Can Exercise and Dieting Help Osteoporosis?
Why Dieting and Exercise Go Hand in Hand
If you are dieting, you have to keep in mind that exercise is important too. The benefits of proper exercise during dieting don't end at accelerated weight loss and increased muscle mass. Ignoring exercise when dieting can actually be dangerous to your health.
A New Study Brings New Knowledge
A new study in the Archives of Internal Medicine shows that losing weight by exercise alone does not result in bone density loss but losing weight by dieting without exercising does result in bone density loss. This finding is particularly important for women younger than the age of 30. Most increases in bone density occur before a woman reaches the age of 30. Women are more at greater risk for osteoporosis and likewise are more affected by these findings. A man who loses weight through weight loss alone and doesn’t exercise is not going to suffer the same decrease in bone density as a woman will because men are generally at lower risk for osteoporosis then women are.
Give Up One Thing, Take On Another
If you are dieting or plan to diet as part of a New Year’s resolution, make sure you try to incorporate exercise into your daily life. You might try brisk walking three or four days a week for thirty minutes at a time. If you feel that you just can’t find time to squeeze in exercise, read our article on getting exercise at work. You will definitely find these tips helpful if you have a very busy schedule.
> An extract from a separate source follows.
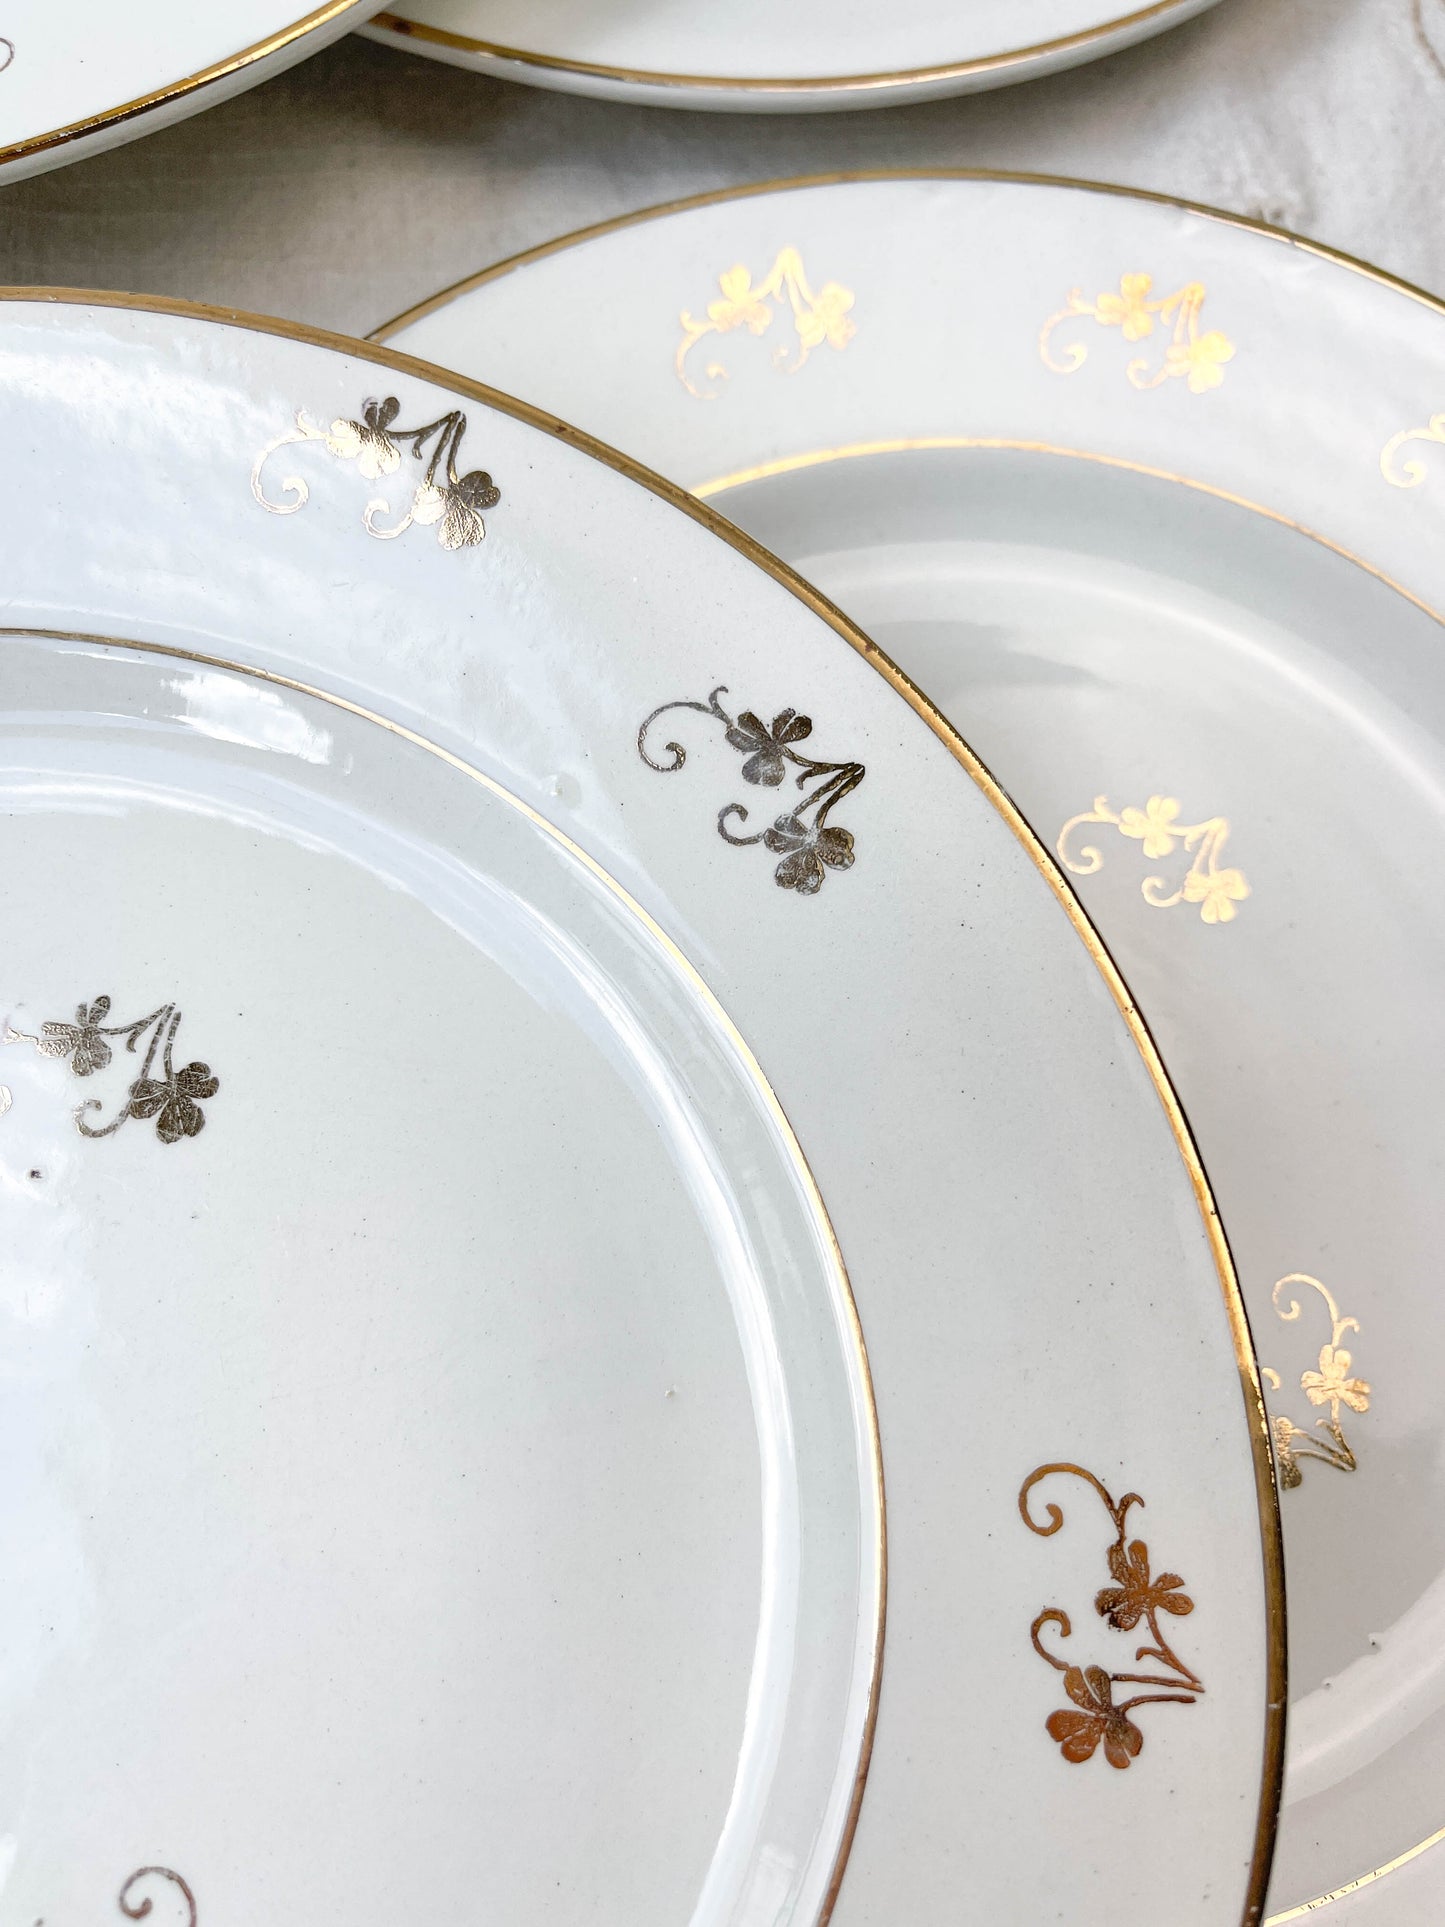 Assiettes plates L’Amandinoise en porcelaine blanche dorées motif fleuris

Reduce Calories, Not Calcium
Make sure that when you do diet, you get enough servings of calcium. The RDA, or Recommended Dietary Allowance, for calcium for females ages 11-24 is 1,200 mg and 800 mg for women over age 25. The calcium recommendation for men over the age of 19 is also 800 mg. As you can see, men have somewhat lower calcium needs because they have a lower risk for osteoporosis. Getting enough calcium while dieting is very important so pay attention to your intake of this nutrient.